┌─ DATA SHOWN

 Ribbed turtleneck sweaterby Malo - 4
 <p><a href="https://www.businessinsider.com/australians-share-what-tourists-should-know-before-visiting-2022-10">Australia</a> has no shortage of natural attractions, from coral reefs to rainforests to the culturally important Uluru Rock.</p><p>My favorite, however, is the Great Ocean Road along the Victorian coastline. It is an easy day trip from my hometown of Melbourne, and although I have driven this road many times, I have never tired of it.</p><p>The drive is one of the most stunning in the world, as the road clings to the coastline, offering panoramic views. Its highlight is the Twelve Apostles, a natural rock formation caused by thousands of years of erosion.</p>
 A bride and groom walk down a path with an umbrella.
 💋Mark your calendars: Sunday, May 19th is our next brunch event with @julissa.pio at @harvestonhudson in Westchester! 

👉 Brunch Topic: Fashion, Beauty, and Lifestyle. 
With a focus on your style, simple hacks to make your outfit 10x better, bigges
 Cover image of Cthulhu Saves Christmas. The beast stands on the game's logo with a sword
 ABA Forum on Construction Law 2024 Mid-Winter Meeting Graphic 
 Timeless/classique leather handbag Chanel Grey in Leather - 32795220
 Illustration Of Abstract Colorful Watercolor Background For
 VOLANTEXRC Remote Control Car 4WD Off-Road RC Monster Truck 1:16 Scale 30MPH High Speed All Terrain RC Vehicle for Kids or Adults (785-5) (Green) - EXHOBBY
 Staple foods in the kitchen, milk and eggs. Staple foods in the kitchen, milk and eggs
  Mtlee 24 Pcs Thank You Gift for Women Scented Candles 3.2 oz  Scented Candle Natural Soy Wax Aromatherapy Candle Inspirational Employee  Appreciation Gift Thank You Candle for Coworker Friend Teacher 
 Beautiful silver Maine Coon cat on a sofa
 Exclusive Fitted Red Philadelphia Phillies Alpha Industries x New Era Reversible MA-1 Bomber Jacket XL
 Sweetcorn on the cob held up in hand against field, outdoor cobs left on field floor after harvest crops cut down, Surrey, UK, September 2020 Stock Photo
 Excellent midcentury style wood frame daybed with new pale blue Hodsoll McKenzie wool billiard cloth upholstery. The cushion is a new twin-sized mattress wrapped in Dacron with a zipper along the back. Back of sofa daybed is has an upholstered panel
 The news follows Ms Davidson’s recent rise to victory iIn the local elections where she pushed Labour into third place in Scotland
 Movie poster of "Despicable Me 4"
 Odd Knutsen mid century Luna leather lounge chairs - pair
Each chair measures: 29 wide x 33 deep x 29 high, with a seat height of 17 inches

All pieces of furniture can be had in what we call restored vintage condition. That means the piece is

└─

## THE PROBLEM
Word for word, output all of the material.

## FINAL ANSWER
 Ribbed turtleneck sweaterby Malo - 4
 <p><a href="https://www.businessinsider.com/australians-share-what-tourists-should-know-before-visiting-2022-10">Australia</a> has no shortage of natural attractions, from coral reefs to rainforests to the culturally important Uluru Rock.</p><p>My favorite, however, is the Great Ocean Road along the Victorian coastline. It is an easy day trip from my hometown of Melbourne, and although I have driven this road many times, I have never tired of it.</p><p>The drive is one of the most stunning in the world, as the road clings to the coastline, offering panoramic views. Its highlight is the Twelve Apostles, a natural rock formation caused by thousands of years of erosion.</p>
 A bride and groom walk down a path with an umbrella.
 💋Mark your calendars: Sunday, May 19th is our next brunch event with @julissa.pio at @harvestonhudson in Westchester! 

👉 Brunch Topic: Fashion, Beauty, and Lifestyle. 
With a focus on your style, simple hacks to make your outfit 10x better, bigges
 Cover image of Cthulhu Saves Christmas. The beast stands on the game's logo with a sword
 ABA Forum on Construction Law 2024 Mid-Winter Meeting Graphic 
 Timeless/classique leather handbag Chanel Grey in Leather - 32795220
 Illustration Of Abstract Colorful Watercolor Background For
 VOLANTEXRC Remote Control Car 4WD Off-Road RC Monster Truck 1:16 Scale 30MPH High Speed All Terrain RC Vehicle for Kids or Adults (785-5) (Green) - EXHOBBY
 Staple foods in the kitchen, milk and eggs. Staple foods in the kitchen, milk and eggs
  Mtlee 24 Pcs Thank You Gift for Women Scented Candles 3.2 oz  Scented Candle Natural Soy Wax Aromatherapy Candle Inspirational Employee  Appreciation Gift Thank You Candle for Coworker Friend Teacher 
 Beautiful silver Maine Coon cat on a sofa
 Exclusive Fitted Red Philadelphia Phillies Alpha Industries x New Era Reversible MA-1 Bomber Jacket XL
 Sweetcorn on the cob held up in hand against field, outdoor cobs left on field floor after harvest crops cut down, Surrey, UK, September 2020 Stock Photo
 Excellent midcentury style wood frame daybed with new pale blue Hodsoll McKenzie wool billiard cloth upholstery. The cushion is a new twin-sized mattress wrapped in Dacron with a zipper along the back. Back of sofa daybed is has an upholstered panel
 The news follows Ms Davidson’s recent rise to victory iIn the local elections where she pushed Labour into third place in Scotland
 Movie poster of "Despicable Me 4"
 Odd Knutsen mid century Luna leather lounge chairs - pair
Each chair measures: 29 wide x 33 deep x 29 high, with a seat height of 17 inches

All pieces of furniture can be had in what we call restored vintage condition. That means the piece is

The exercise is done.